LESSON X.
Clairvoyance of distant scenes.
Let us now consider the phenomena of the second class of clairvoyance, namely, Clairvoyance in Space.
In space clairvoyance the clairvoyant person senses scenes and events removed in space from the observer—that is to say, scenes and events situated outside of the range of the physical vision of the clairvoyant. In this class also is included certain phenomena in which the clairvoyant vision is able to discern things that may be concealed or obscured by intervening material objects. Some of the many different forms and phases of space clairvoyance are illustrated by the following examples, all taken from the best sources.

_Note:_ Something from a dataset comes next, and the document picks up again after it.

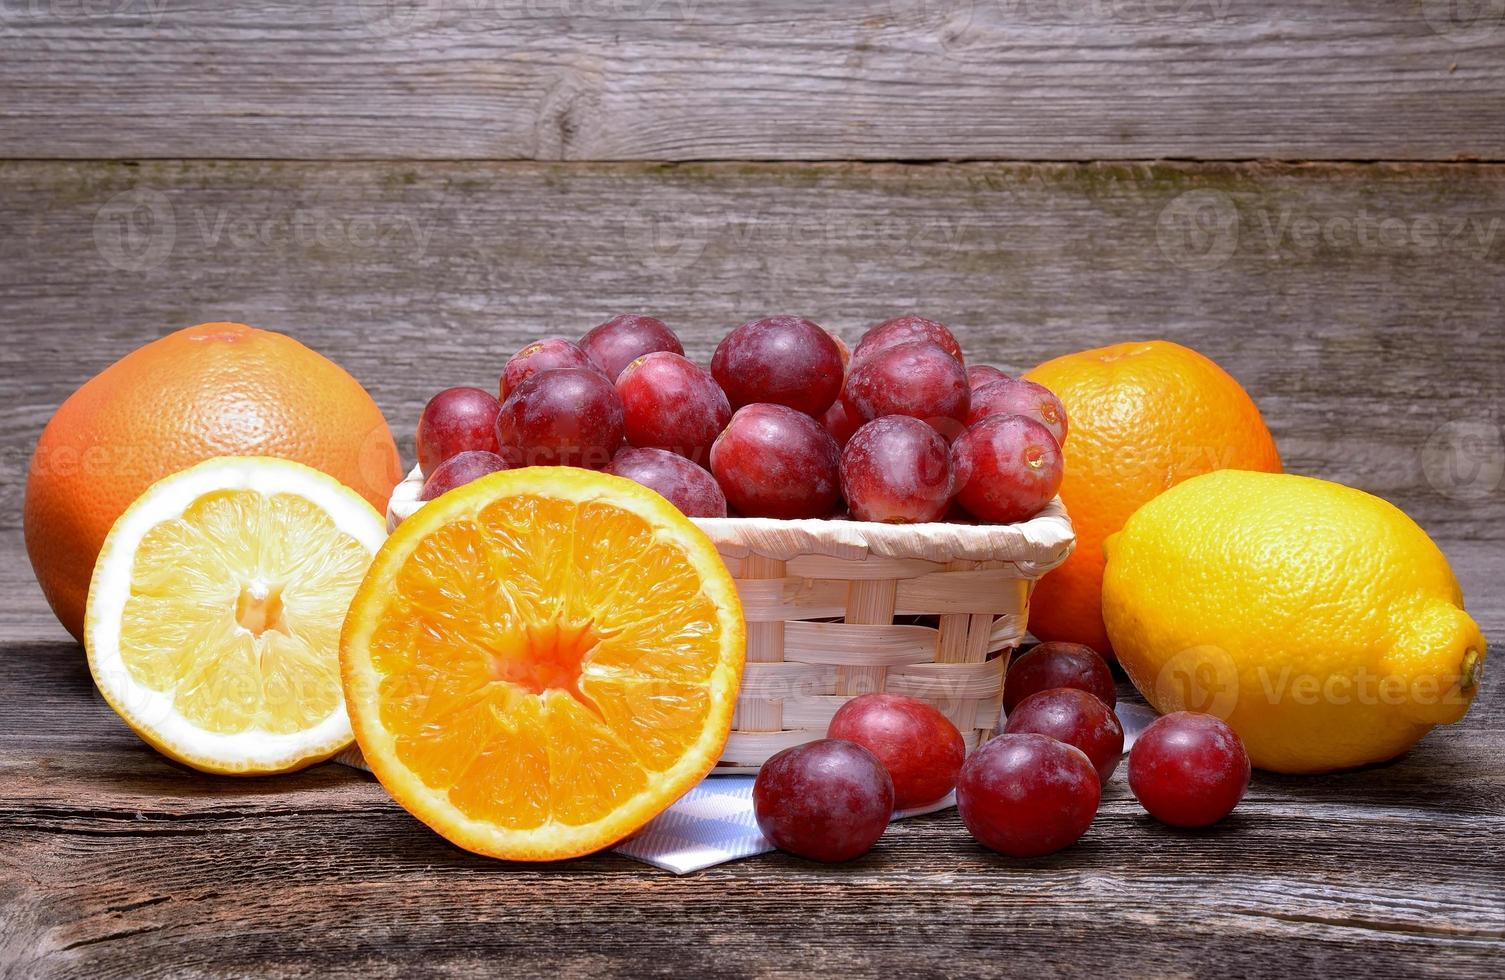 sortiment av frukter på trä bakgrund foto

Bushnell relates the following well-known case of space clairvoyance: “Capt. Yount, of Napa Valley, California, one midwinter’s night had a dream in which he saw what appeared to be a company of emigrants arrested by the snows of the mountains, and perishing rapidly by cold and hunger. He noted the very cast of the scenery, marked by a huge, perpendicular front of white-rock cliff; he saw the men cutting off what appeared to be tree-tops rising out of deep gulfs of snow; he distinguished the very features of the persons, and their look of peculiar distress. He awoke profoundly impressed by the distinctness and apparent reality of the dream. He at length fell asleep, and dreamed exactly the same dream over again. In the morning he could not expel it from his mind. Falling in shortly after with an old hunter comrade, he told his story, and was only the more deeply impressed by him recognizing without hesitation the scenery of the dream. This comrade came over the Sierra by the Carson Valley Pass, and declared that a spot in the Pass exactly answered his description.
“By this the unsophistical patriarch was decided. He immediately collected a company of men, with mules and blankets and all necessary provisions. The neighbors were laughing meantime at his credulity. ‘No matter,’ he said, ’I am able to do this, and I will, for I verily believe that the fact is according to my dream.’ The men were sent into the mountains one hundred and fifty miles distant, direct to the Carson Valley Pass. And there they found the company exactly in the condition of the dream, and brought in the remnant alive.”
In connection with this case, some leading, occultists are of the opinion that the thought-waves from the minds of the distressed lost persons reached Capt. Yount in his sleep, and awakened his subconscious attention. Having natural clairvoyant power, though previously unaware of it, he naturally directed his astral vision to the source of the mental currents, and perceived clairvoyantly the scene described in the story. Not having any acquaintance with any of the lost party, it was only by reason of the mental currents of distress so sent out that his attention was attracted. This is a very interesting case, because several psychic factors are involved in it, as I have just said.